WITH SOME fanfare, the Government recently launched a scheme to let local people name the buildings and other landmarks they would like to preserve in their community.
Indeed, but will they be heard and respected, or will the exercise be as useful as calling spirits from the vasty deep? The scheme is to be supported by a special fund of £700,000 – across the whole country.
This is barely pocket change. To put it into perspective, York Minster needs £2.5m a year for maintenance and repair. That is for one building, although a very special one.
The scheme could achieve much more by a matching provision to let local people name the eyesores they would like to demolish in their community.
I would predict a massive response. It would be highly instructive to developers, local authorities, and planners to have a bare list of the most hated buildings and structures in a locality, and even more so if people gave their reasons.
In some cases, it might be the result of bad maintenance and decay, in many more cases, a building or structure will be hated for its impact on its local environs, especially when it generates unmanageable traffic, or blocks a view of something which people would rather see (such as the sky).
Some tall buildings create their own microclimate for passing pedestrians, turning the slightest breeze into an Atlantic squall in winter or a Saharan sandstorm in summer.
Others may reflect the vanity of architects, particularly those in the form of pointless gigantic imitations of everyday objects, such as gherkins or cheesegraters. The word “iconic” is often a giveaway: I suspect that buildings so described, especially by their designers and promoters, will be highly placed as candidates for demolition orders.
Some buildings are unpopular not individually, in one place, but because there are too many of them and they all look the same in any place – such as supermarkets and hamburger chains – and make towns and cities look identically drab. This is especially true if they have replaced a distinctive building which people wanted to keep. One might therefore vary the scheme to offer people the chance to opt for demolition plus restoration.
Other buildings, particularly largescale developments, are unpopular not because of what they are but because of something they do not have (a decent pub, café or restaurant, facilities for leisure, entertainment or children’s play, green space).
Let’s have a simple vote on buildings and structures, like the EU referendum, to let local people say “No! I don’t like looking at it and I don’t like going there”.
It would be especially instructive if, as is likely, many people asked for demolition of the places where they have to work and live, such as the dismal estates, unloved, unwanted and unsafe where councils have dumped people, or the cheap boxes put up by private developers for quick profits from desperate buyers.
Anger and despair might well induce some people to list entire neighbourhoods for demolition – although that has happened all over the country without necessarily generating anything better.
Yorkshire is the ideal place to pilot a scheme of this kind, containing a great range of landscapes and towns and cities which have been benighted by thoughtless ugly buildings and structures. If I may say so as a Londoner, Yorkshire people are noted for their independence of mind.
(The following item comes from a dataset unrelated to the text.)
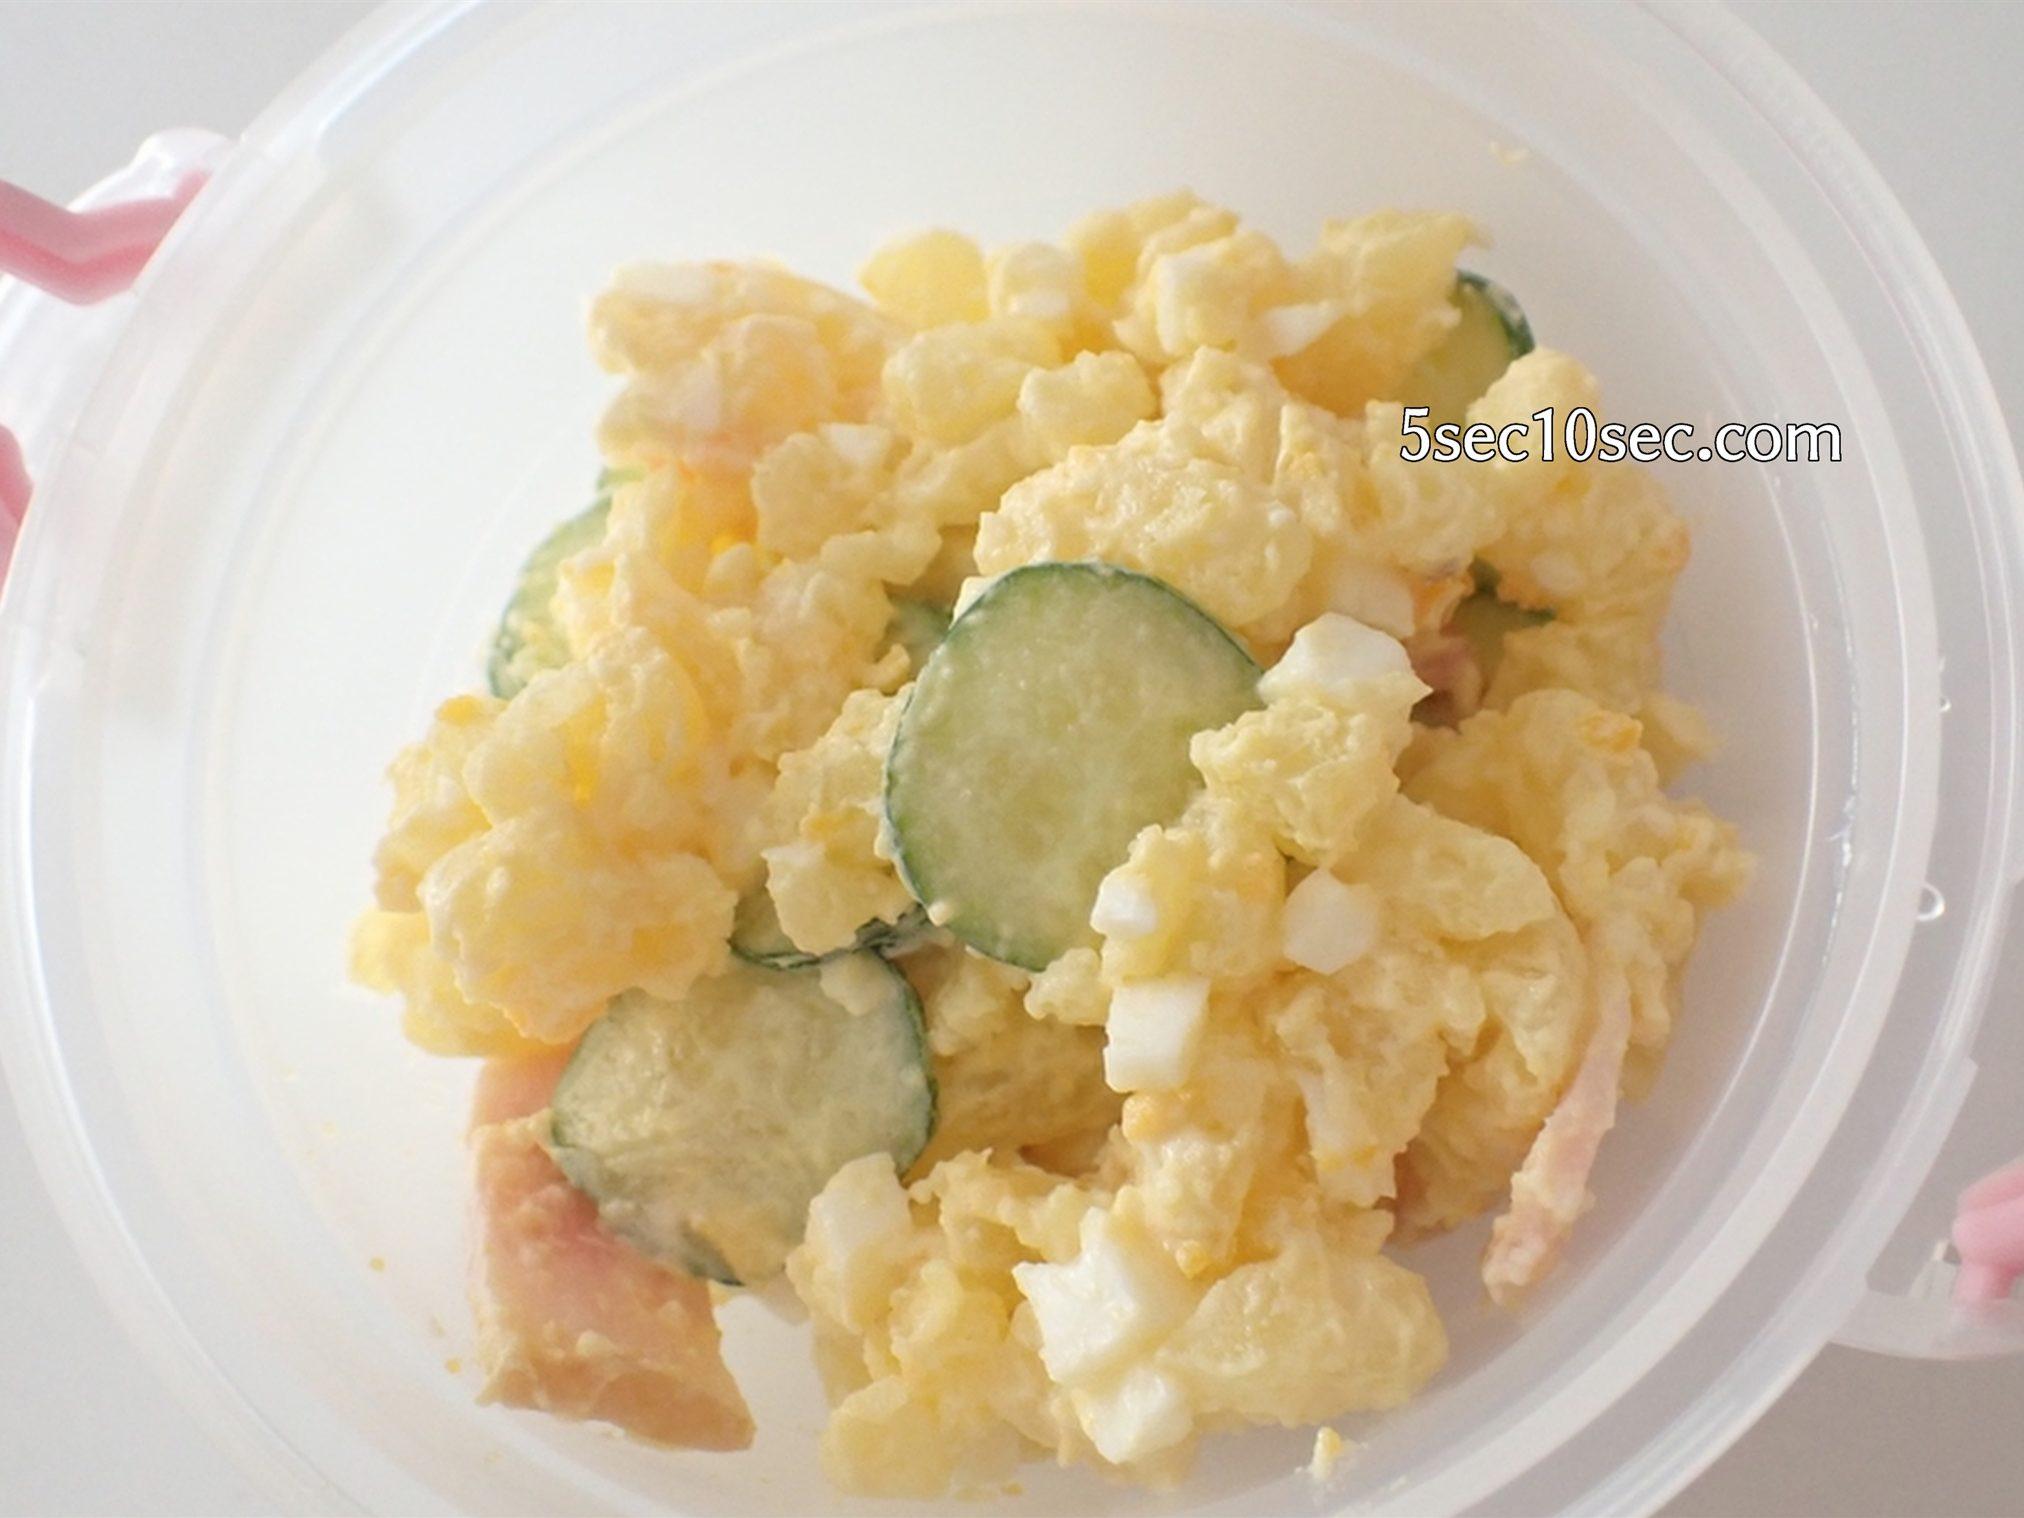 貝印 KAI レンジでゆでたまごが作れる容器 容器の中でそのまま混ぜて、ポテトサラダなどを作ることができます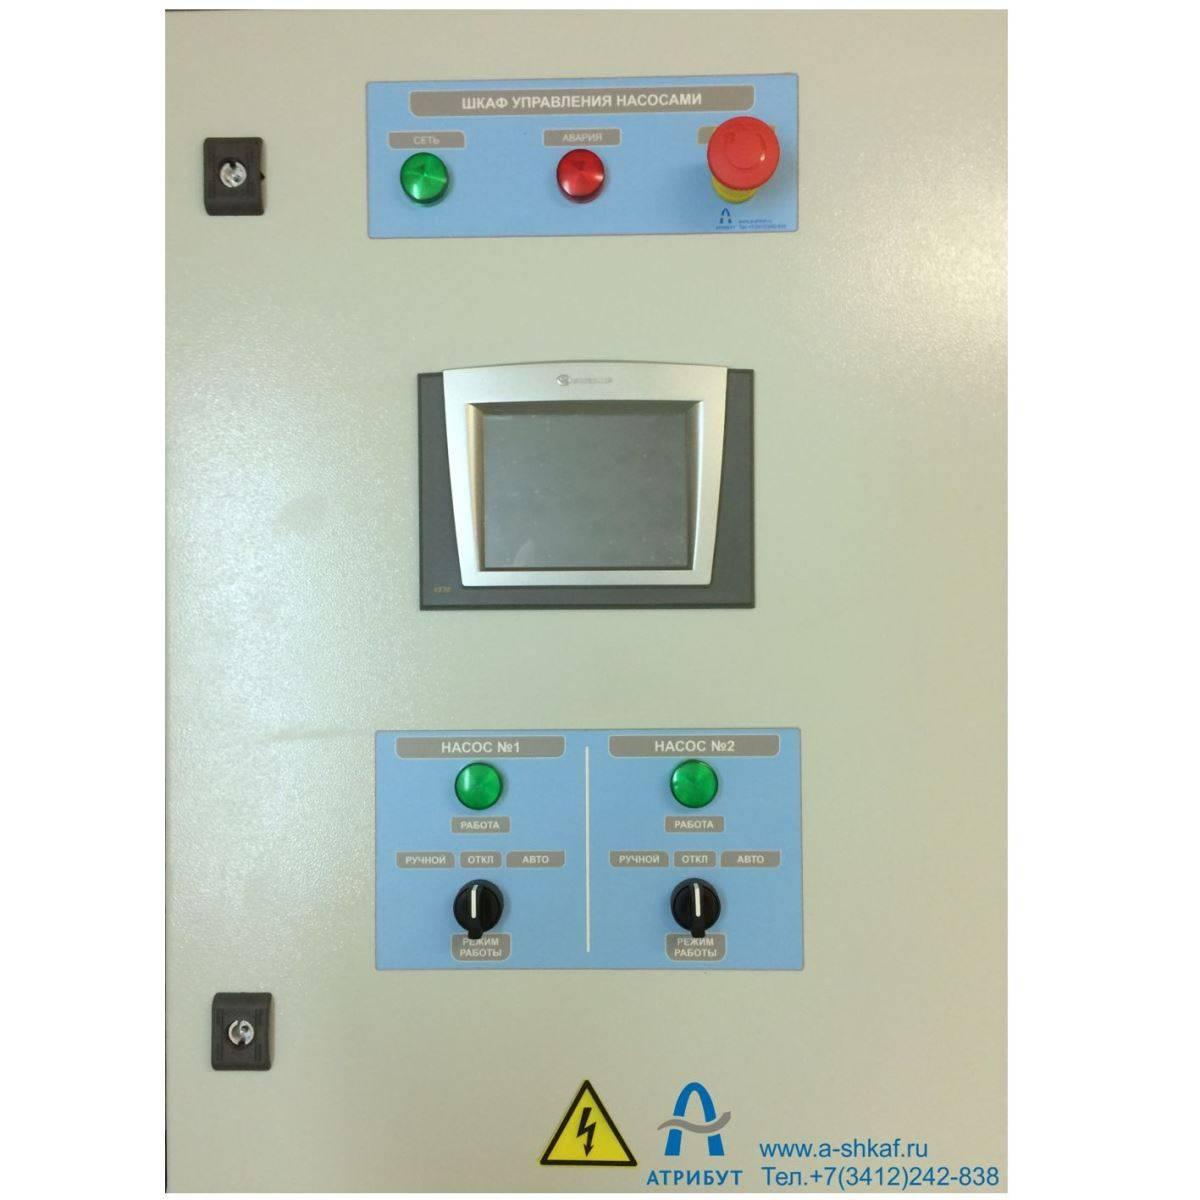 Шкаф управления насосами: виды, назначение, схемы подключения - точка j

They are enemies of abstract theory and pretentious folderol, in architecture and planning as in everything else. Their selections of the ugliest buildings in Yorkshire could galvanize the rest of the country to demand the demolition of their local monstrosities.
If architects and developers and planners everywhere knew which buildings were hated and why, it is just possible that they would not repeat them.
One afterthought for planning authorities. They should not approve any major non-residential development unless it offers public toilet facilities. I hear sniggers: suppress them.
Well-maintained public toilets make a major contribution to public health and public decency. Without them, people excrete or vomit in the street or even in private gardens, and they are not necessarily drunken yobs but law-abiding respectable people in desperation. Public toilets are already under-provided and I am certain that they are being lost faster than being replaced. Some have even been turned into fashionable cocktail bars, and are thereby creating additional demand from their patrons when they finally stagger out of them.
New public toilets might become part of the replacement for any building subject to a democratic demolition order – turning an excrescence into a convenience.